- Task goal -
Could you please transcribe the data exactly, without the pictures?

- Source material -

┄┄┄┄┄┄┄┄┄┄┄┄┄┄┄┄┄┄┄┄

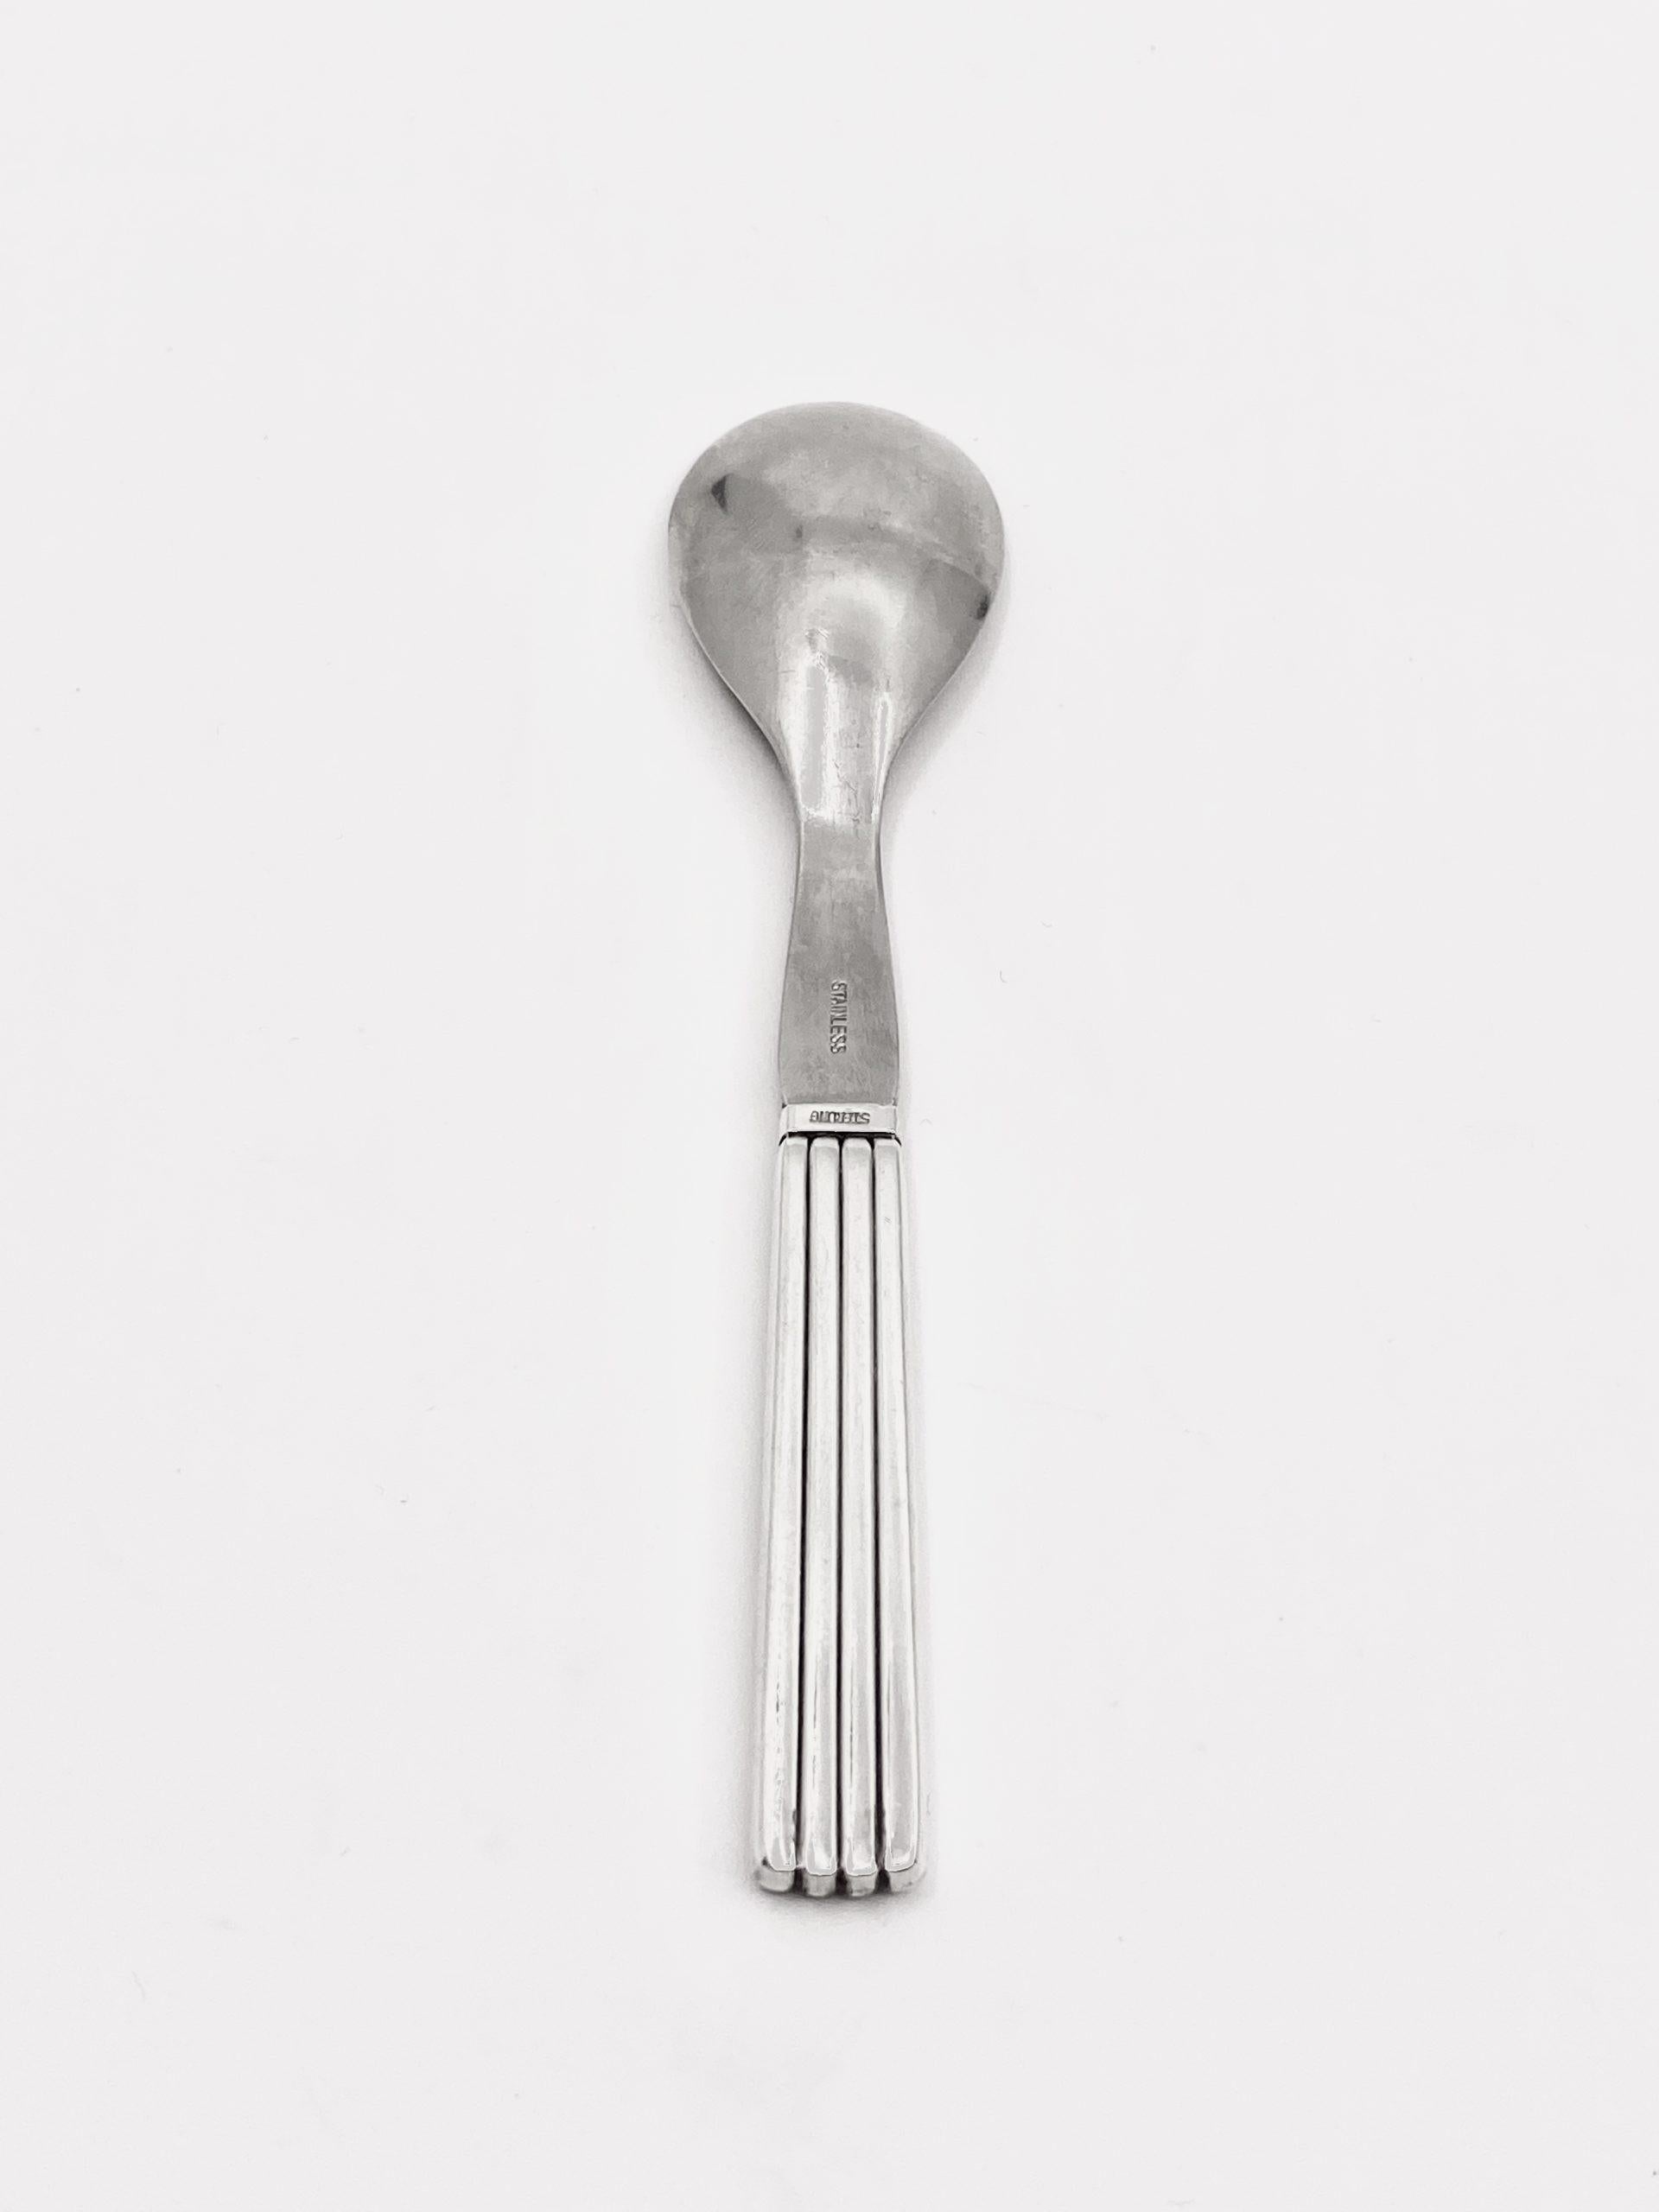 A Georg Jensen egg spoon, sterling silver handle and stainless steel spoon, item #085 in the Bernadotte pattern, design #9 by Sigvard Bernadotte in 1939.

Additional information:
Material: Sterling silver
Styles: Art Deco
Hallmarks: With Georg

┄┄┄┄┄┄┄┄┄┄┄┄┄┄┄┄┄┄┄┄

- Exercise answer -
 A Georg Jensen egg spoon, sterling silver handle and stainless steel spoon, item #085 in the Bernadotte pattern, design #9 by Sigvard Bernadotte in 1939.

Additional information:
Material: Sterling silver
Styles: Art Deco
Hallmarks: With Georg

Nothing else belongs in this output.